Marius> Probably. Messing around with the 'stack' data structure is
probably
Marius> the right thing. Sorry, I can't say more. (But others might.)
Assuming that `the-last-stack' has caught the error that you want to
look at, you can get the stack object by
(define s (fluid-ref the-last-stack))
and then the innermost stack frame by
(define f (stack-ref s 0))
Now, a frame can be either an application or an evaluation, and you'll
often find that the innermost frame is an application, with the one
just higher being an evaluation, e.g.
innermost: [string-length 4]
1 outer: (string-length 4)
(frame-procedure? f) tells you whether the frame is an application.
If it is, (frame-procedure f) returns the procedure and
(frame-arguments f) returns the already evaluated args. If it isn't,
(frame-source f) -- i.e. the frame is an evaluation -- returns the
expression that was being evaluated, which is all you can get.
So (untested as usual) ...
(define (last-error->proc+args)
(let* ((stack (fluid-ref the-last-stack))
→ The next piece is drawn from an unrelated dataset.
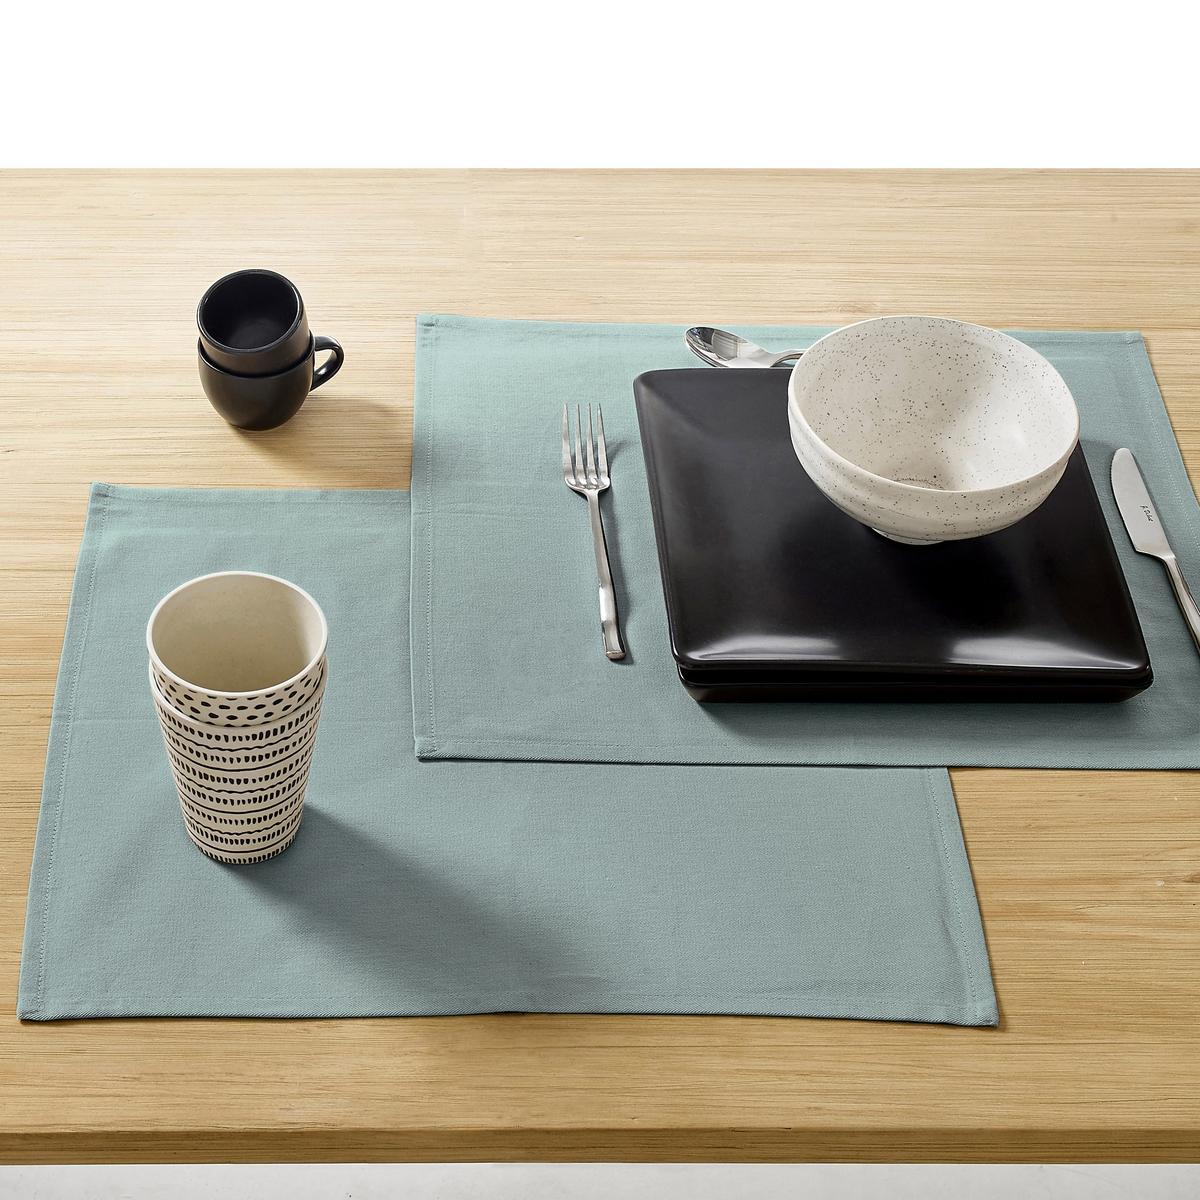 Комплект из 4 салфеток под столовый прибор, с обработкой против пятенКомплект из 4 салфеток из чистого хлопка под столовый прибор SCENARIO для особого стиля на столе.Описание 4 салфеток под столовый прибор SCENARIO :Комплект из 4 салфеток под столовый прибор, с водооталкивающей обработкой  против пятен.   Размеры 4 салфеток на стол SCENARIO :Прямоугольная форма  35 x 45 cмУход: :Машинная стирка при 40 °CПродаются комплектом из 4 штЗнак Oeko-Tex® гарантирует отсутствие вредных для здоровья человека веществ в протестированных и сертифицированных изделиях.Чистый хлопок упрощает уходВсю коллекцию SCENARIO можно найти на la redoute.fr<br><br>Цвет: белый,бордовый,красный,розовая пудра,светло-серый,серо-бежевый,серо-коричневый каштан,Серо-синий,серый,сине-зеленый,сливовый,терракота<br>Размер: единый размер.единый размер

(stacklen (stack-length stack)))
(let loop ((index 0))
(if (< index stacklen)
(let ((frame (stack-ref stack index)))
(if (frame-procedure? frame)
(values (frame-procedure frame)
(frame-arguments frame))
(loop (+ index 1))))
#f))))
If `the-last-stack' hasn't captured the error that you want, you can
capture it for yourself using `lazy-catch' and `make-stack':
(define my-stack #f)
(define (saving-error-to-my-stack proc)
(define (lazy-handler key . args)
(set! my-stack (make-stack #t lazy-handler))
(apply throw key args))
(lazy-catch #t
proc
lazy-handler))
Notes - (i) the `lazy-handler' in the `make-stack' call tells
make-stack to return a stack object whose innermost frame is just
outside the call into lazy-handler; (ii) the `#t' in the make-stack
call means "here"; (iii) you must always rethrow from a lazy handler,
hence the `(apply throw ...)' line.
This should of course be in the manual. If anyone feels like working
this into an appropriate patch, I'd appreciate it.